Items listed in a dataset:
________

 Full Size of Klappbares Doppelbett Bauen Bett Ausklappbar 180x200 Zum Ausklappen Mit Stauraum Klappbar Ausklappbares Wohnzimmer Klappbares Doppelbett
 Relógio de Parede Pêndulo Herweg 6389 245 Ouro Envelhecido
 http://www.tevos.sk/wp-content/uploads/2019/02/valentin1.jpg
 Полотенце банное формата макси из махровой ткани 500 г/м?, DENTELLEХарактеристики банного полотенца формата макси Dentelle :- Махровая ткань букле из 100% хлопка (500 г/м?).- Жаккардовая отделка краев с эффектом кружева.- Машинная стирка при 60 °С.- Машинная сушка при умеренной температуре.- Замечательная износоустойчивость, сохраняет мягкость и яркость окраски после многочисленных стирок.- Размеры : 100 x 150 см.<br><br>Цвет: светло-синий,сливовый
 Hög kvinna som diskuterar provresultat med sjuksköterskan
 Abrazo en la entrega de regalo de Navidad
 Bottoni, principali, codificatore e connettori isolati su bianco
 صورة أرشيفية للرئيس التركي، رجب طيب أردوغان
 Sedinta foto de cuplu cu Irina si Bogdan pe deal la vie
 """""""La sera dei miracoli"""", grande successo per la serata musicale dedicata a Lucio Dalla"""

________

Assigned task
Give back, verbatim, the lines from the top of the entries above through the line containing "Relógio de Parede".

Exercise answer
 Full Size of Klappbares Doppelbett Bauen Bett Ausklappbar 180x200 Zum Ausklappen Mit Stauraum Klappbar Ausklappbares Wohnzimmer Klappbares Doppelbett
 Relógio de Parede Pêndulo Herweg 6389 245 Ouro Envelhecido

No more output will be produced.